ULSD Futures Are Leading The Energy Complex In A Modest Recovery Bounce To Start Wednesday’s Session
After a 4-day slide that knocked more than 20 cents off of prompt values, ULSD Futures are leading the energy complex in a modest recovery bounce to start Wednesday’s session. While the pullback has ended the chance of a near term rally to $3.50, as long as diesel futures can hold above the $3 mark there’s still an argument that there’s more upside to come as we approach the fall.
Gasoline prices are treading water so far, and face seasonal headwinds with just a couple of weeks left in the driving system and the fall RVP blend down looming. The September RBOB contract was testing support at the trend-line that helped push prices up more than 50 cents/gallon since July 4th this morning and managed to bounce 4 cents off of those lows. If that trend line breaks, there’s a good chance we’ll see a 20-cent slide before month end, when we’ll see another 20+ cent drop as the October futures take over the prompt position.
The API reported a draw in crude oil inventories of 6 million barrels last week, while refined products saw small changes of less than 1 million barrels each on the week. The draw in crude is consistent with an expected recovery in oil exports after a big drop last week believed to be just timing issues on cargo loading rather than a shift in international demand, which has remained strong this year. The DOE/EIA’s weekly report is due out at its normal time this morning.
Are you wondering why diesel prices in Chicago are trading 15-20 cents below neighboring markets? The EIA has an answer for you, highlighting the rapid rise in Midwestern inventories this summer as refineries raised production without having the export options of their coastal counterparts.
The tropics are heating up. The NHC is now tracking 3 potential storm systems in the Atlantic basin. The first two over the eastern Atlantic have increased their odds of development over the past 24 hours and are now given 40-50% probability to be named in the coming week.

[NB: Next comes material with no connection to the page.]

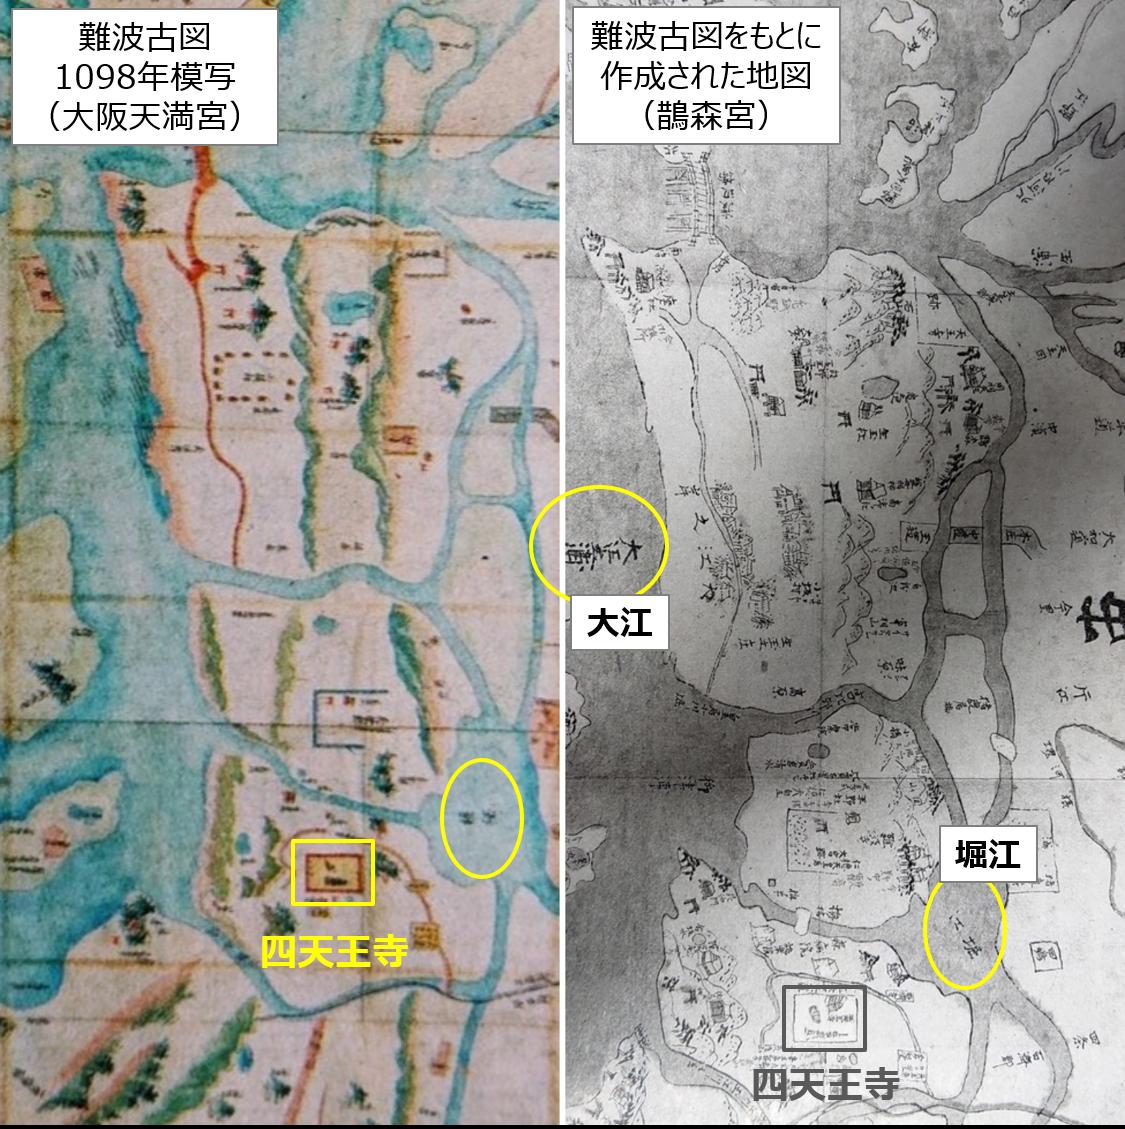 f:id:Kaimotu_Hatuji:20200602110309p:plain

The good news is both look like they should be moving far enough north to minimize a threat to the US. The third system is given 20% odds of developing in the Western Gulf of Mexico this week, near the heart of refinery row. You know it’s been a hot summer when the first thought about a potential tropical storm system hitting your state is “oh good, maybe that will cool things down”.
What’s in a name? Later today the White House is going to hold a press conference to mark the 1-year anniversary of the “inflation production reduction act” that is handing out billions of dollars in tax credits to promote more spending on electric vehicles and other projects to try and promote cleaner energy options. Big Oil companies have been some of the largest beneficiaries of the act, as they were the only businesses with “shovel ready” projects in the carbon capture and sequestration space, in addition to those retooling refineries to produce renewables. When asked about the confusing name of the spending bill last week the President said, "I wish I hadn’t called it that because it has less to do with reducing inflation than it has to do with providing alternatives that generate economic growth,"
HF Sinclair announced it was buying out the remaining shares in its midstream spin-off Holly Energy Partners, the latest MLP to disappear thanks to the higher interest rate environment that makes those investment vehicles less attractive than they were during the days of free money.